GIVEN DATA
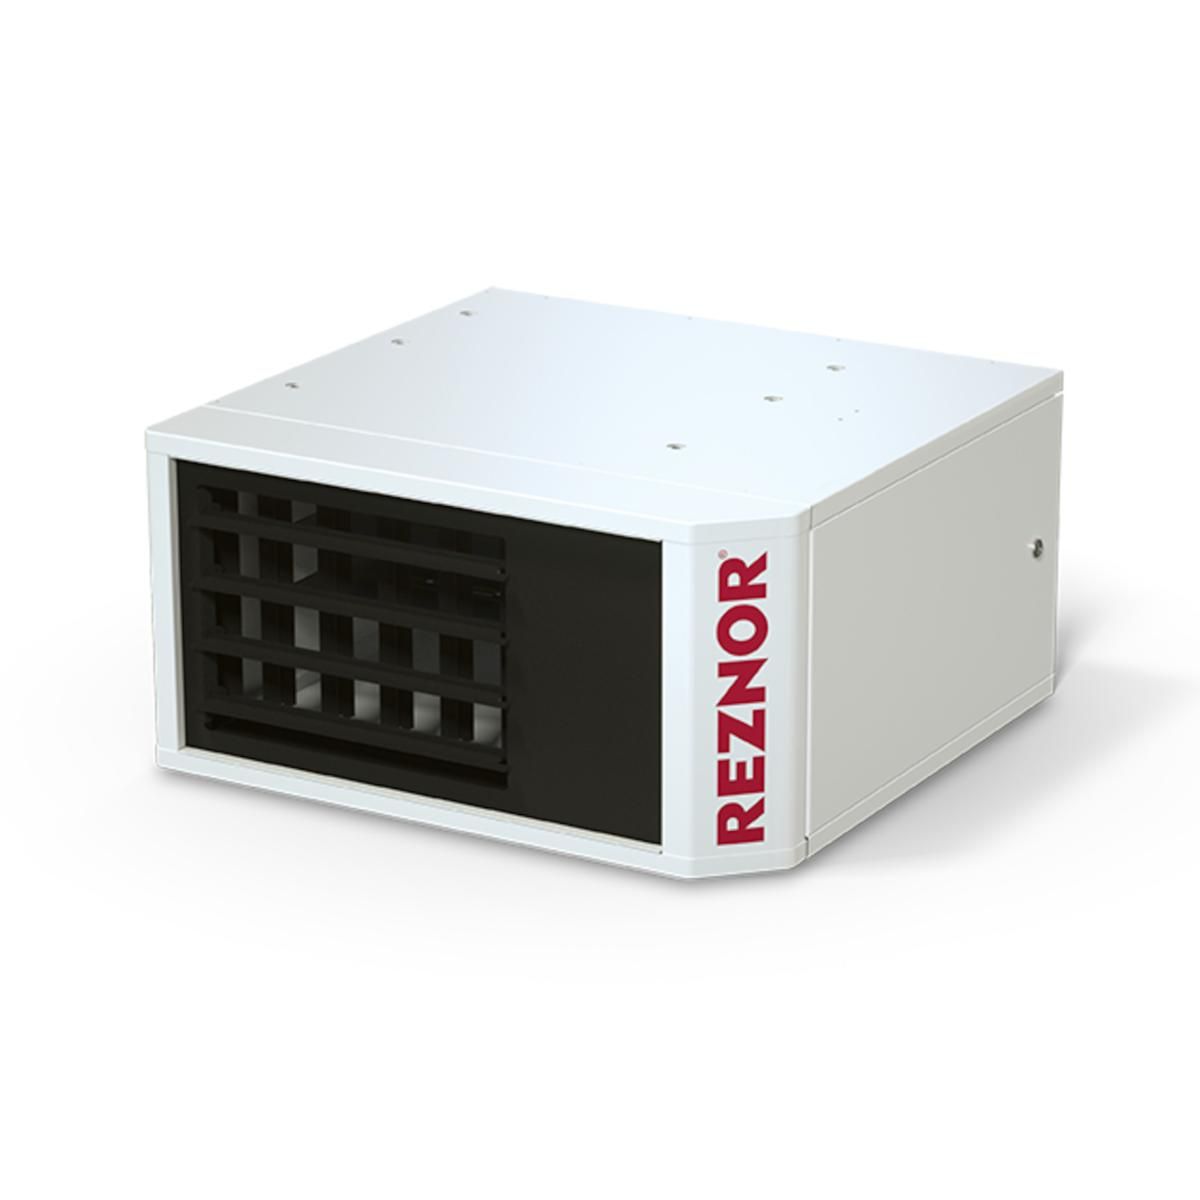 Reznor UDX Power Vent Unit Heaters
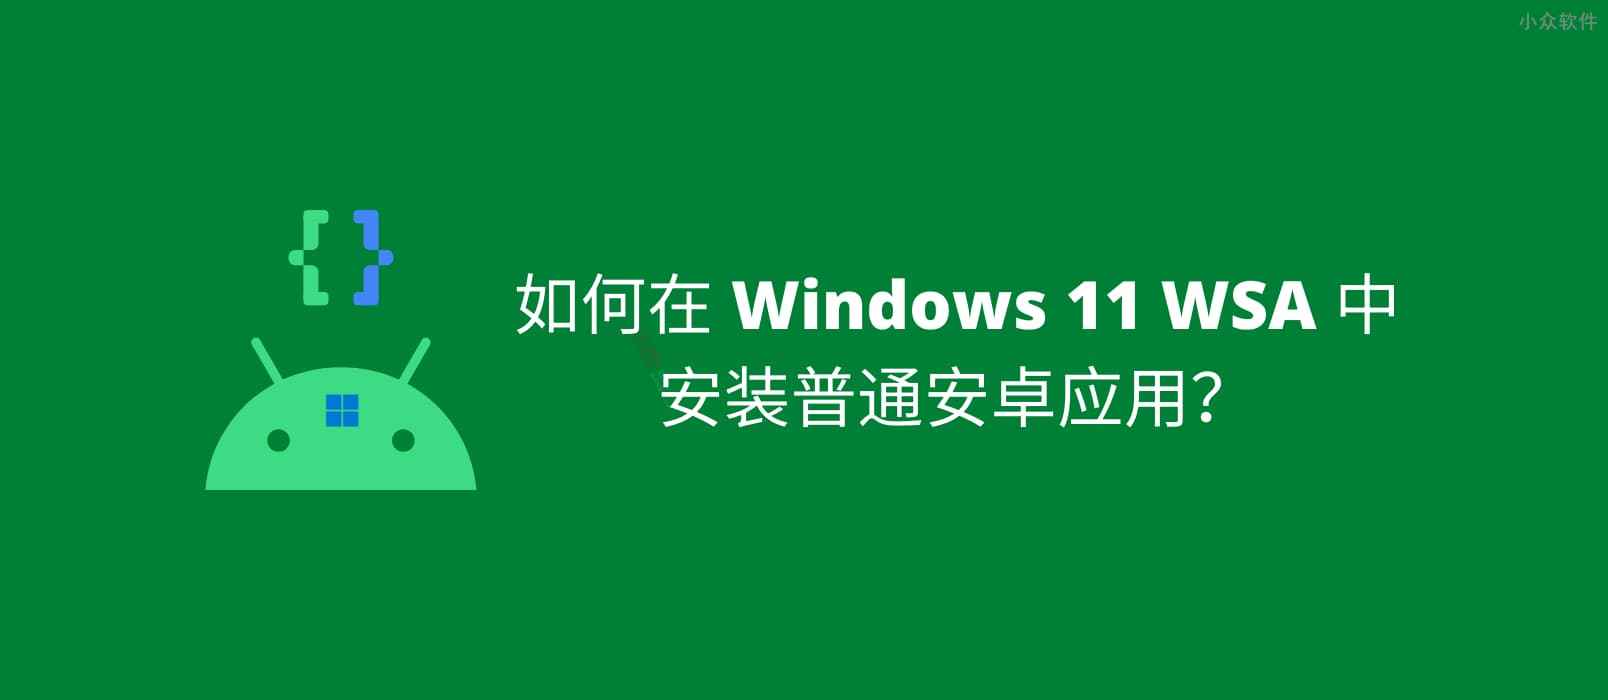 如何在 Windows 11 WSA 中安装安卓应用？
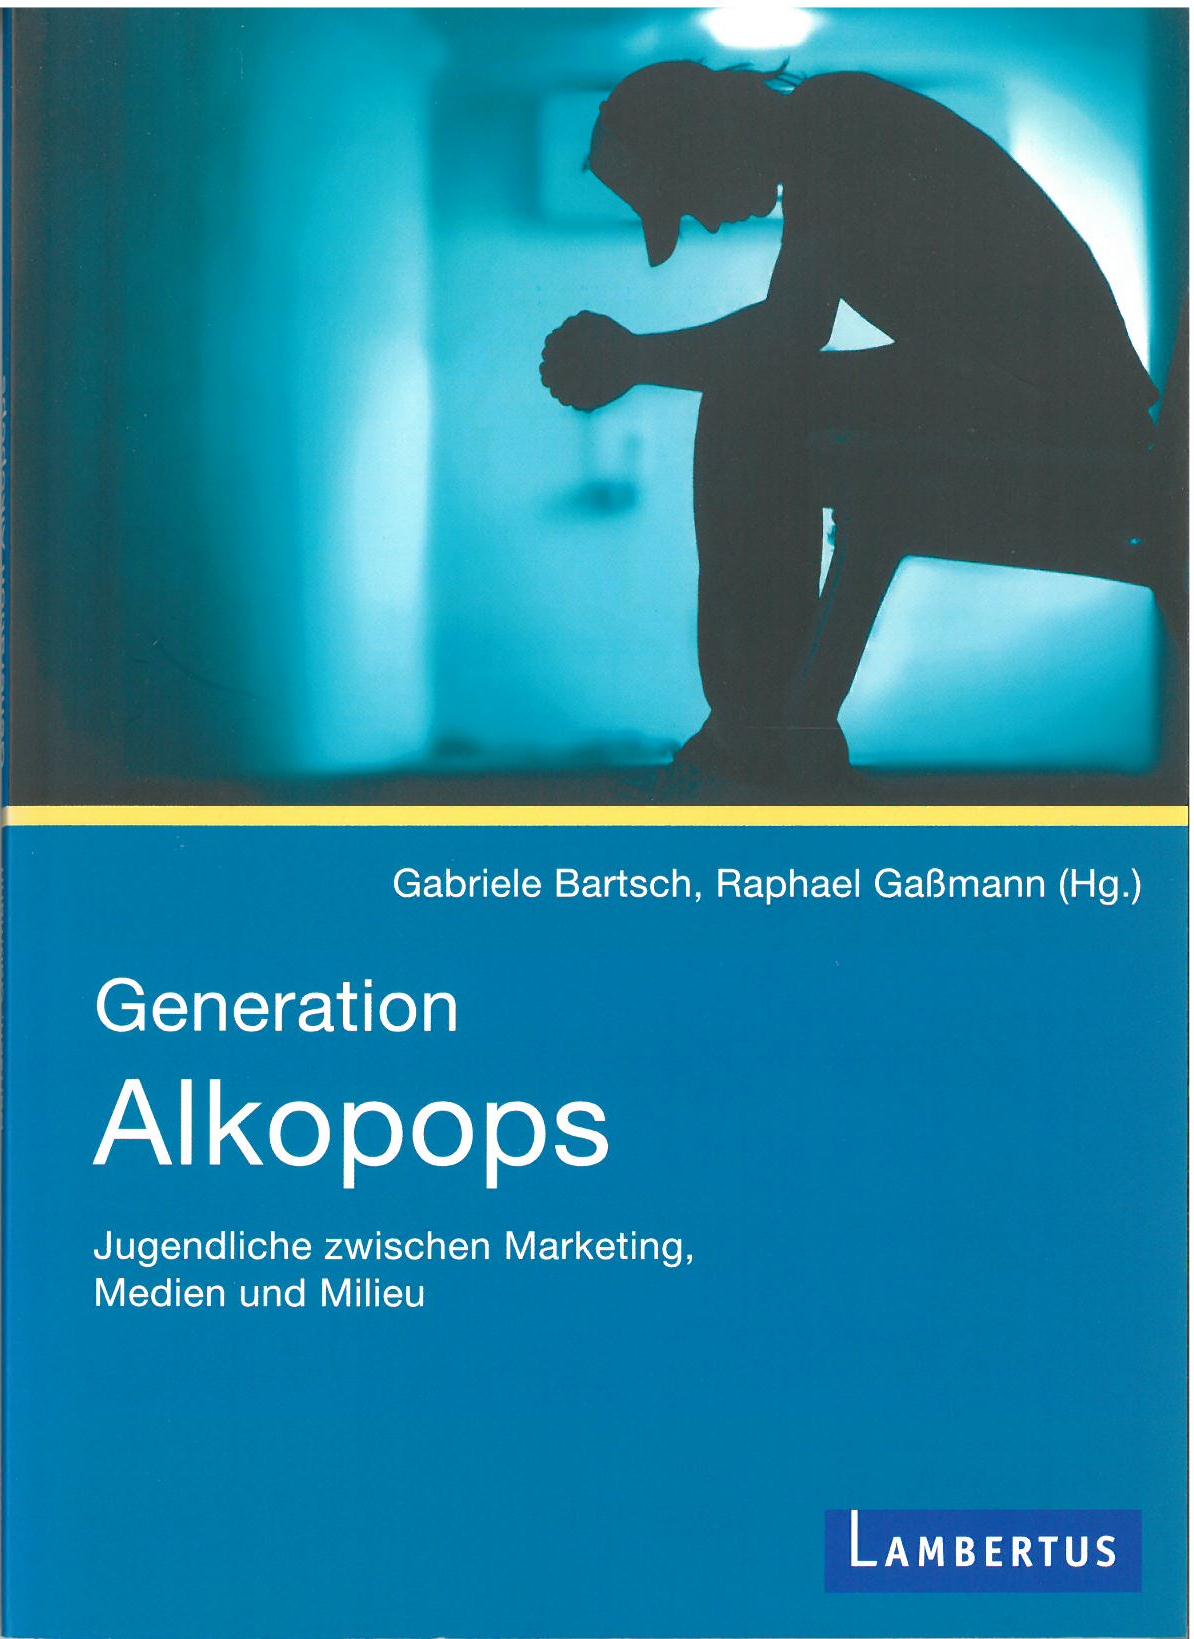 Fachliteratur - Generation Alkopops - Jugendliche zwischen Marketing, Medien und Milieu
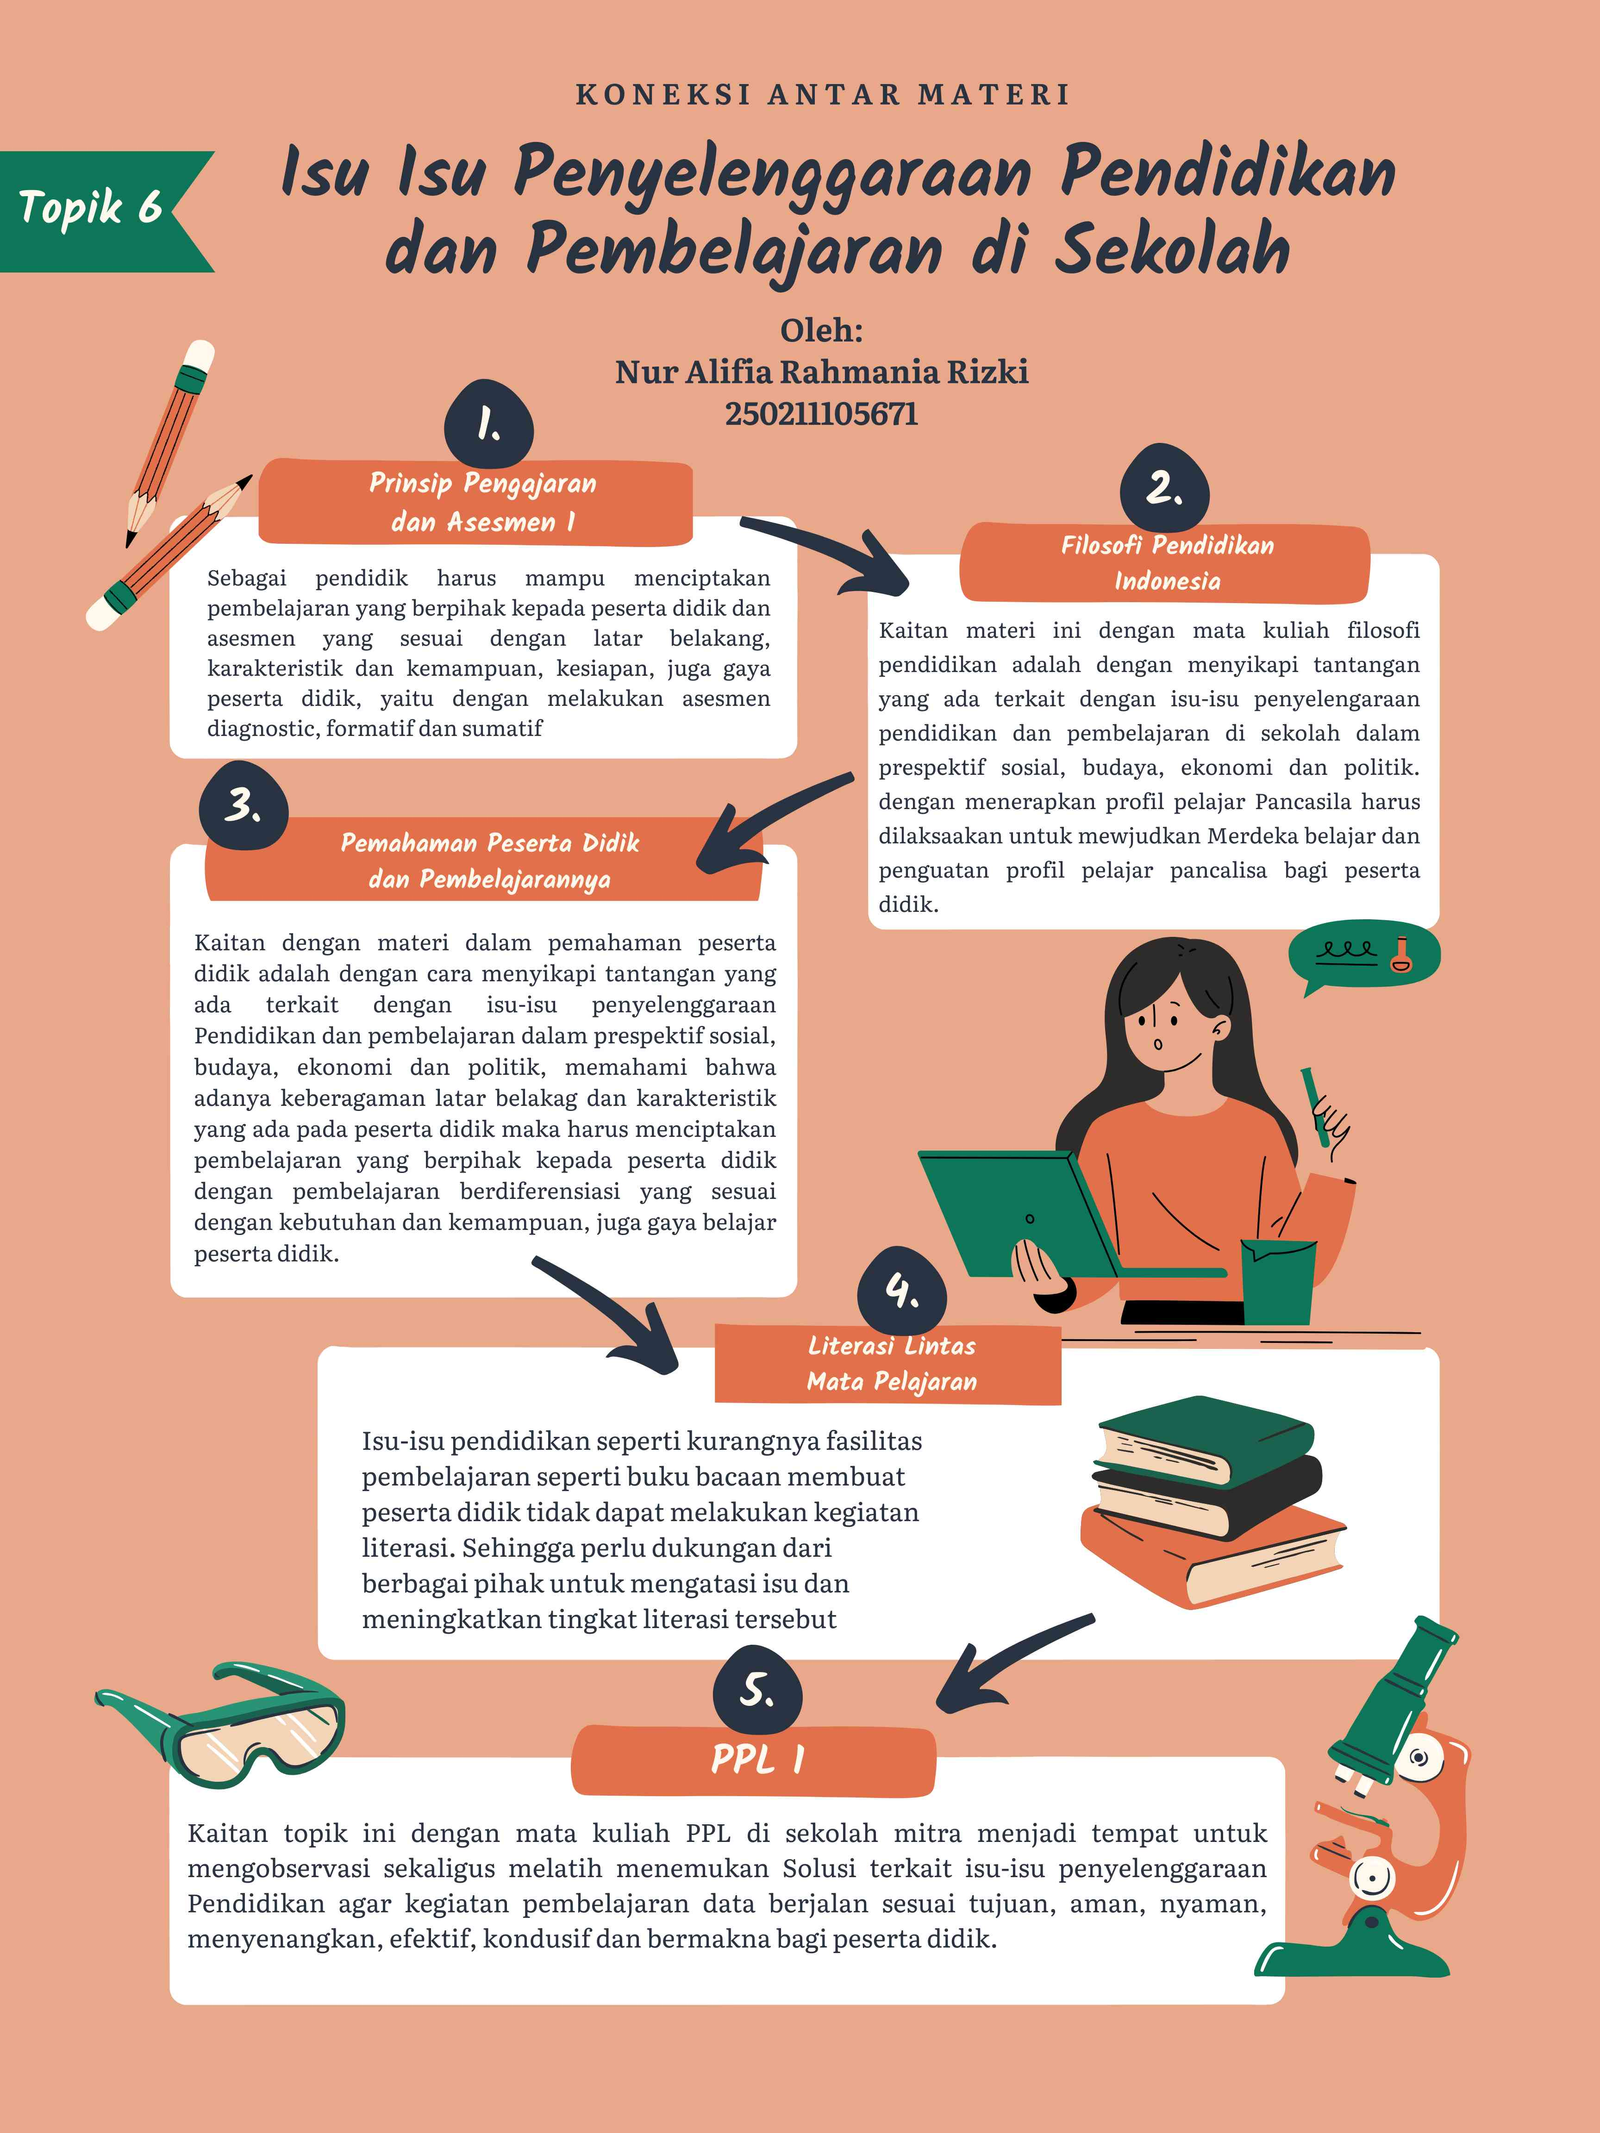 Perspektif Sosiokultural dalam Pendidikan Indonesia (Aksi Nyata

TASK BRIEF
The answer must be the full listing, word for word, with no images in it.

ANSWER TO THIS TASK
 Reznor UDX Power Vent Unit Heaters
 如何在 Windows 11 WSA 中安装安卓应用？
 Fachliteratur - Generation Alkopops - Jugendliche zwischen Marketing, Medien und Milieu
 Perspektif Sosiokultural dalam Pendidikan Indonesia (Aksi Nyata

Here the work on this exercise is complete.